Most country songs of the era were, by 1975, leaning full tilt into the bombastic, the slick, the rhinestone. Even Willie and Waylon sometimes dressed their sorrow in guitar bravado. But Larry Jon’s voice is full of cracks and riverbanks—he sounds like a man who’s lived every word. There are no soaring crescendos in the music. There’s only a gentle acoustic guitar, a brush of drums, and that bottomless drawl, painting a world you half-remember from your own past, no matter where you come from.
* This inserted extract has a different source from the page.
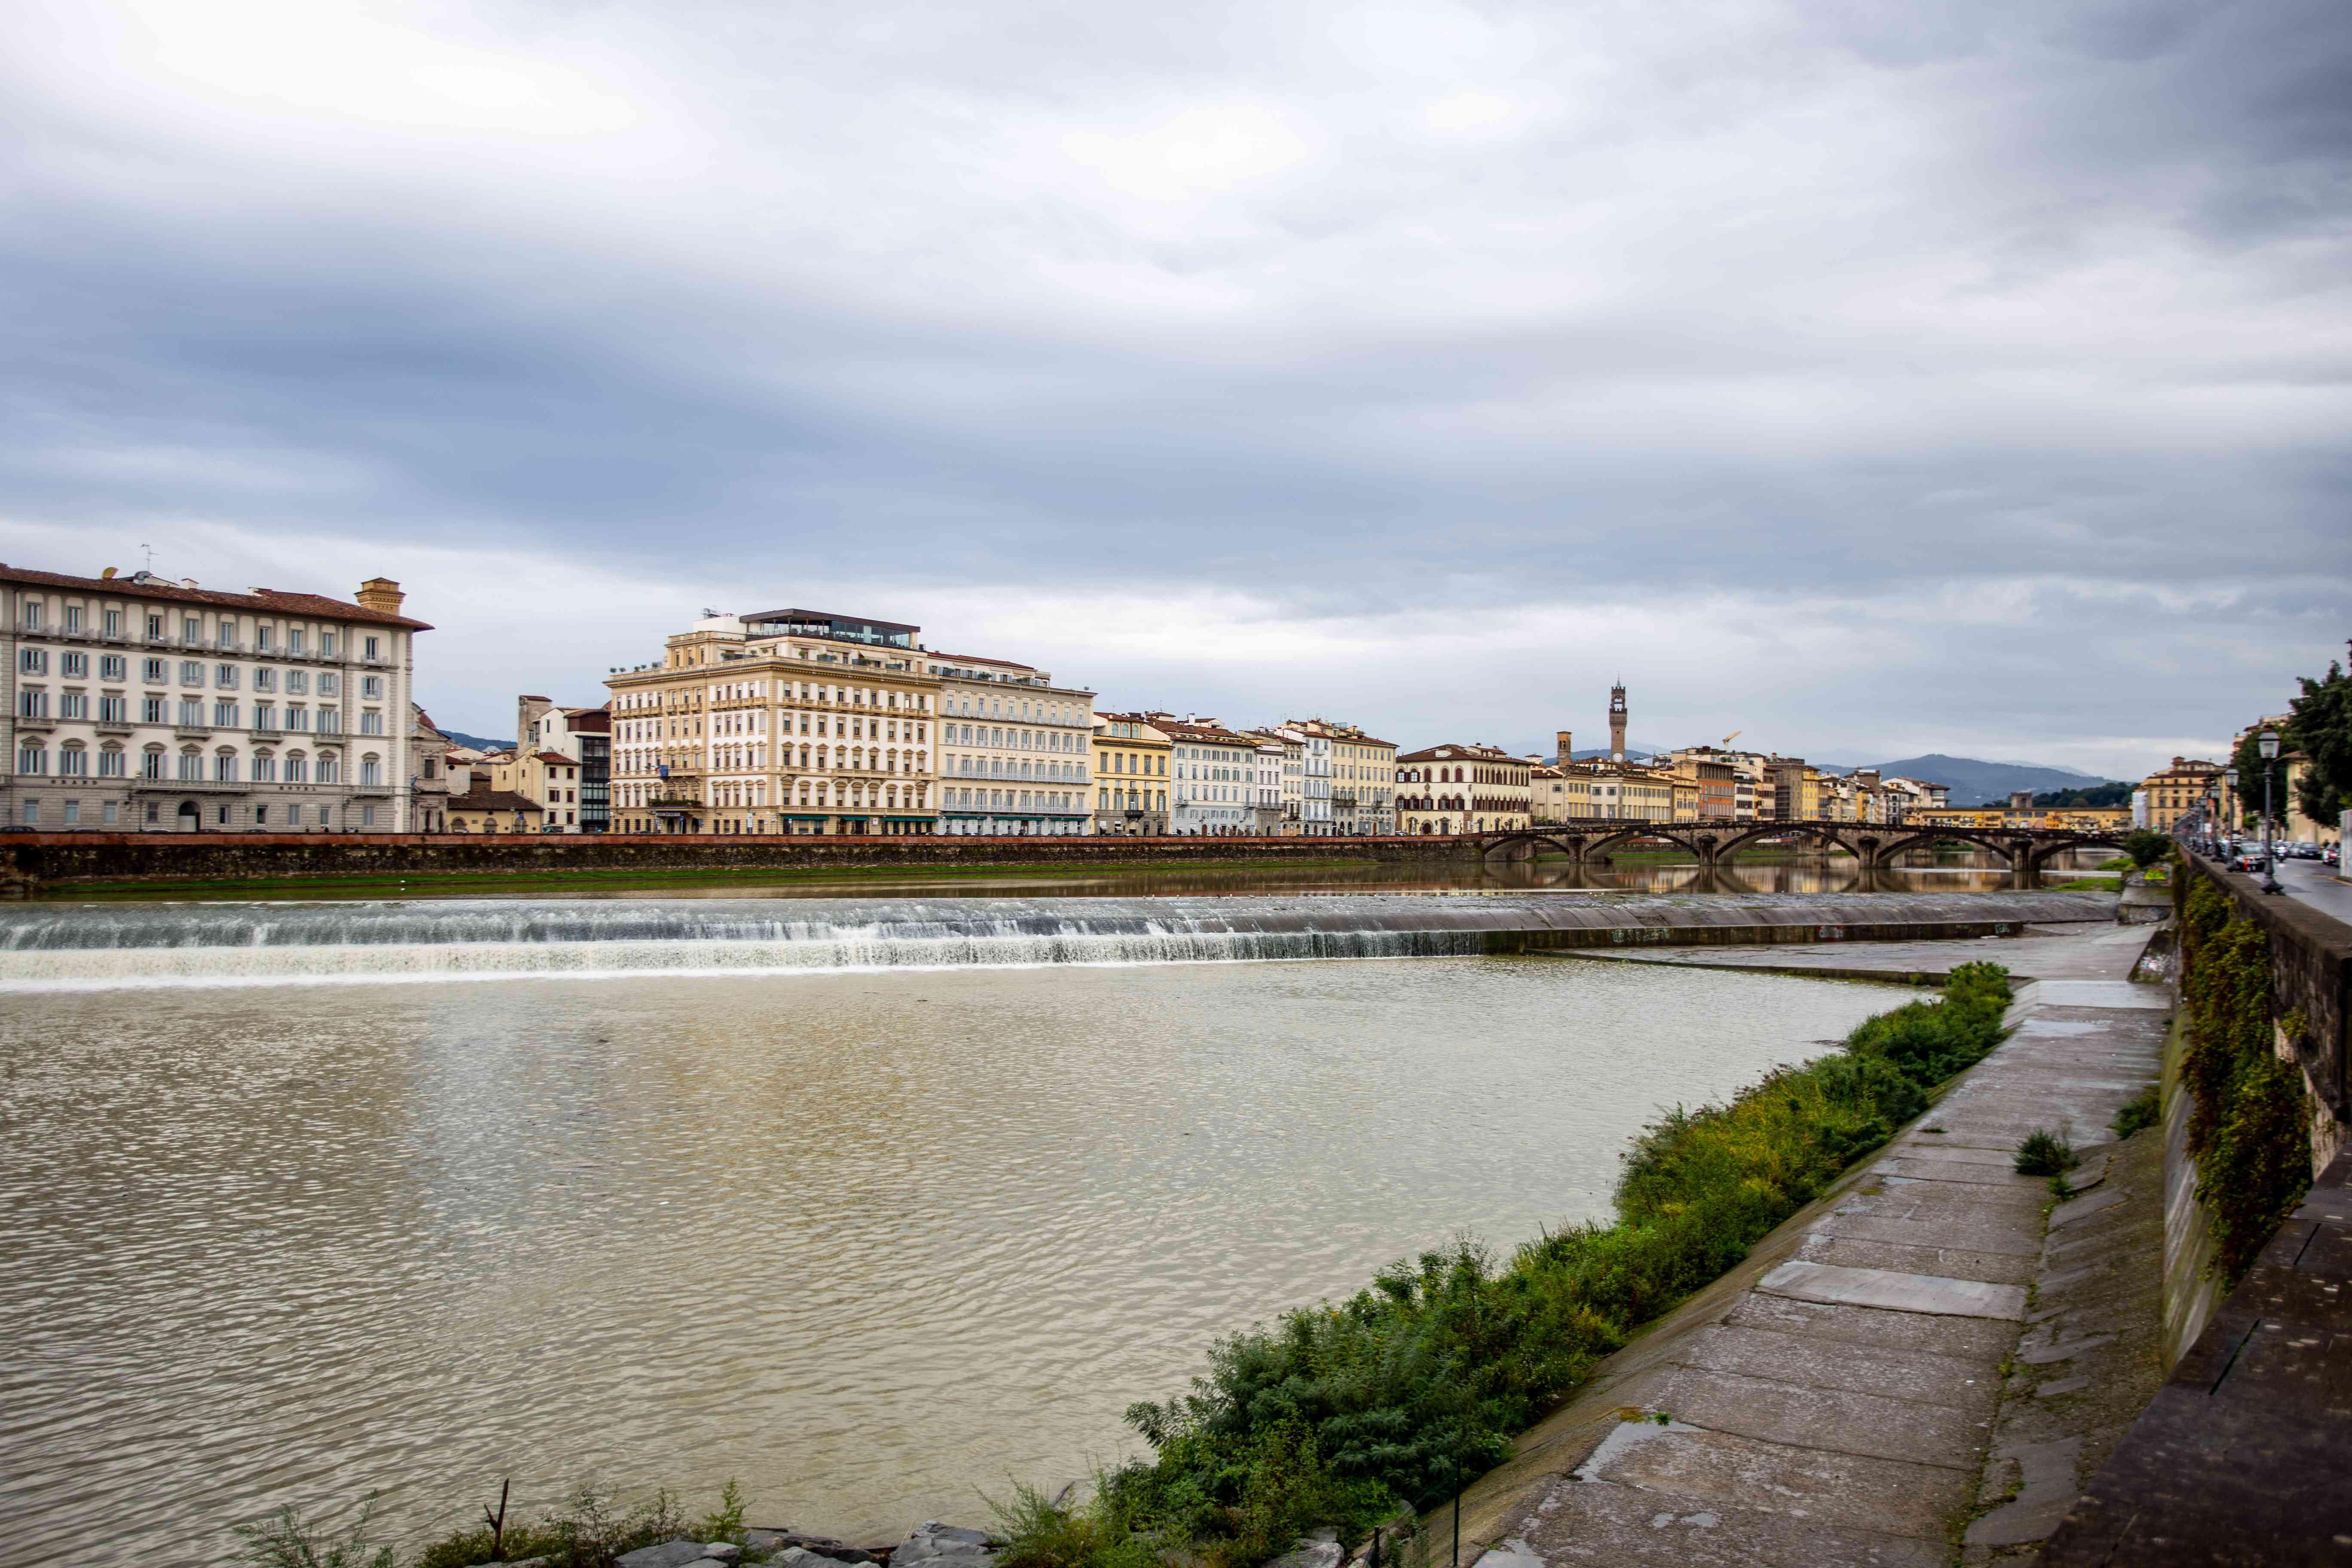 San Freddiano, Florence, Italy

Sometimes, in Helmond, I’d ride my bicycle to the edge of the fields at dusk, the canals shining with last bits of daylight, and put Wilson’s song on my walkman. I’d close my eyes and imagine the Dutch willows turning into Georgia pines, the canals into muddy creeks. The words “Blue Ridge Mountains turning green / All my family gathered round me”—they filled the distance between here and there, between longing and peace.

Why didn’t the world take notice? The truth is, I think, that “Blue Ridge Mountains Turning Green” asks for things modern life is poor at giving. It demands silence. It calls for patience. It rewards the listener who leans in, who lets the spaces between the words matter just as much as the words themselves.

As I grew—a young man learning to sing country verses with a Dutch accent others found peculiar—I found my voice in the quiet spaces of songs like Wilson’s. I learned that the heart of country music is not in the chorus that asks to be shouted, but in the line whispered from the kitchen after the lights go down. My father never understood my love for this music. “We have our own singers here, Kroes,” he’d say, shaking his head. But when I played him “Blue Ridge Mountains Turning Green,” even he grew quiet. I saw a tear he tried to hide. Sometimes, you don’t need to understand the words to feel the home inside them.

There are so many reasons I wish more people knew this song. It’s a compass for the lost, a prayer for the broken, a lullaby for the motherless. And yet, maybe its secret is its rarity. If you know it, you’re in a small club—a brotherhood of dreamers speaking the language of half-remembered places. Even now, when I dip into the local pub and a new friend asks about my influences, I mention Larry Jon Wilson and they look blank. Gentle reader, that is your invitation! Listen—and let “Blue Ridge Mountains Turning Green” work its subtle alchemy.

For me, the song is an old photograph. The faces blur a little more each year, but the feeling—the hope, the homesick peace—remains vivid and alive, as green as the Georgia mountains Larry Jon sang about from so far away. From my little Dutch corner, I keep the song alive, and through it, the knowledge that there is always a home for us in the music, even if the world never put it on the charts.

Tonight, as the summer comes and Helmond’s fields bloom with cow parsley, I put “Blue Ridge Mountains Turning Green” on once more. The old ache comes gently, like evening fog, settling in my chest. I sit by my window, listen, and remember.